TomAugspurger · 2017-06-06T12:55:21Z

Thanks for this, and sorry for not getting around to reviewing it. I'll have more time later.

I think accepting a function is fine, but one even simpler fix may be to replace the

if not dtypes[k] == v:

withn

from pandas.api.types import is_dtype_equal
if not is_dtype_equal(dtypes[k], v):

That at least covers the basics like int being equal to np.int64, but more precise types like np.int32 and np.int64 are not equal to eachother. Does that solve any of your issues?

topper-123 · 2017-06-06T15:33:55Z

Thanks for replying.

I think this doesn't really solve the issue, as dtype checks still have to be precise and my issue is broader dtype checks (i.e. I check for broad dtype int (as an example), but do not care about which int sub-dtype i'm dealing with (int16, int 32, int64 - doesn't matter) ....).

To check for broader dtypes, you have to use the functions in pd.api.types (as far as I can tell), so I think in the context of engarde the way to go would be:

from pandas.api import types as pat
import engarde.decorators as ed

@ed.has_dtypes(items={'A': pat.is_integer_dtype,
                      'B': pat.is_float_dtype})
def t():
    return some dataframe...

this cannnot be done by using is_dtype_equal only, AFAIKT.

I've make my proposal a bit clearer wrt. the requirement the check-function to return booleans.

Clearer errors for users.

topper-123 · 2017-06-06T15:59:14Z

BTW, pd.api.types is new in pandas 0.20, right? That would mean that using pd.api.types.has_dtype_equal inhas_dtypes would make engarde require pandas >= 0.20.

topper-123 · 2017-06-06T22:23:37Z

pd.api.types is not new in pandas 0.20, it was just that the API was formalized.

I've made some additions for tests and docs and I think I'm finished unless you see anything.
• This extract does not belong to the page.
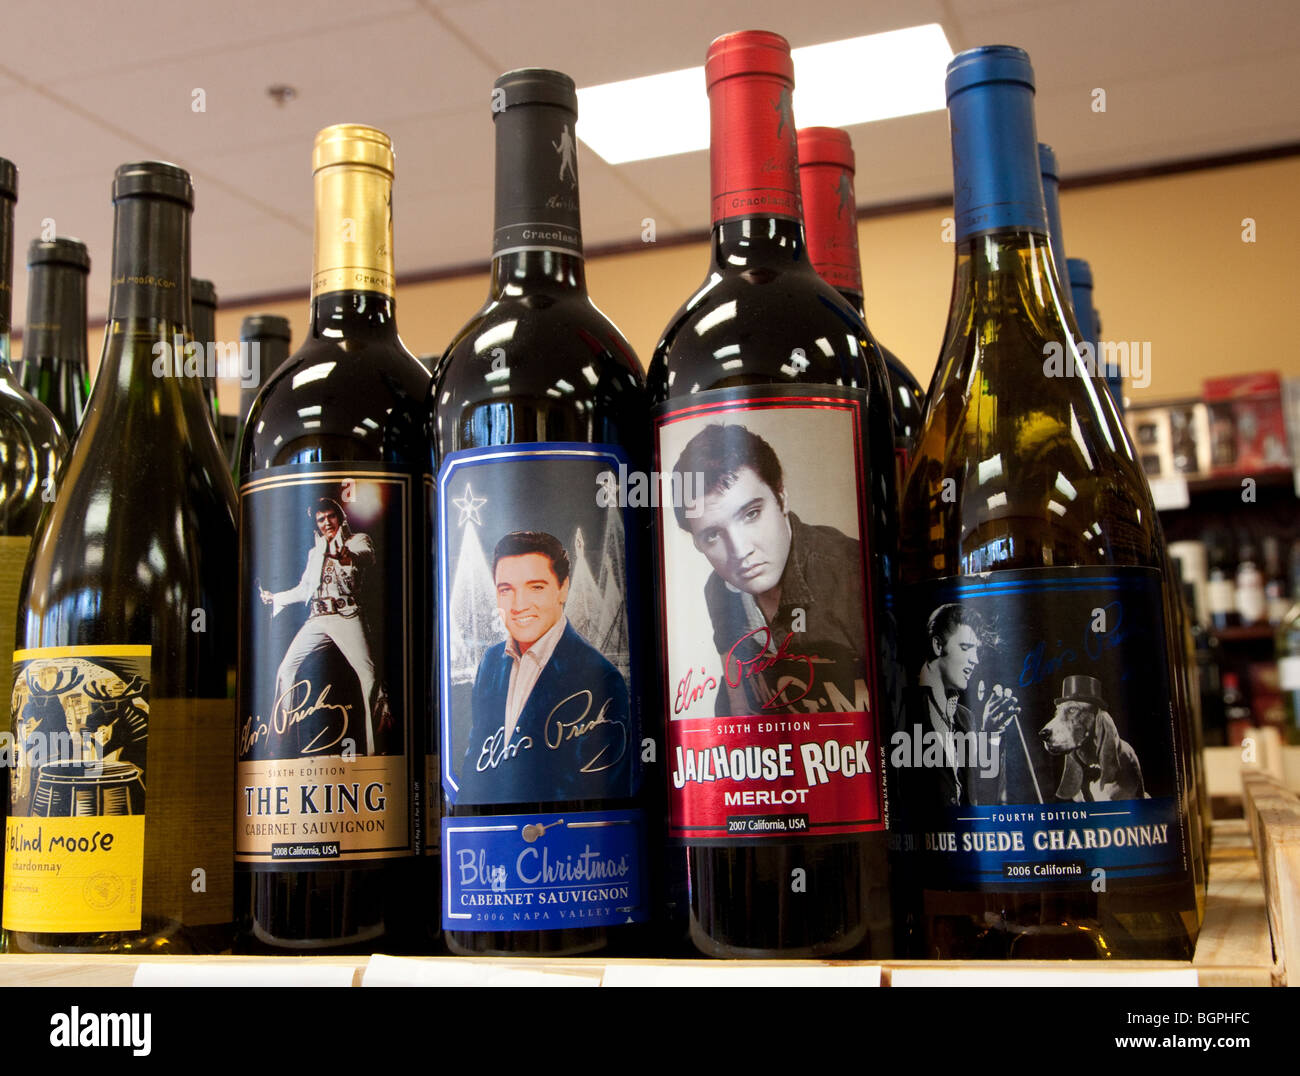 Elvis Presley wines. Stock Photo

topper-123 · 2017-06-16T00:36:35Z

Hi @TomAugspurger Have you looked further at this?

On a second look, a solution that IMO would be cleaner, would be for items.values to use strings that correspond to the possible output values of pd.api.types.infer_dtype, and so use infer_dtype to check validity. The decorators would look like this:

import engarde.decorators as ed

@ed.has_dtypes(items={'A': "integer",
                  'B': "float",
                   'C': "string"})
def t():
    return some dataframe...

I like this better than the function-based solution, as you don't have to do imports offrom pandas.asi.types in the user-facing code.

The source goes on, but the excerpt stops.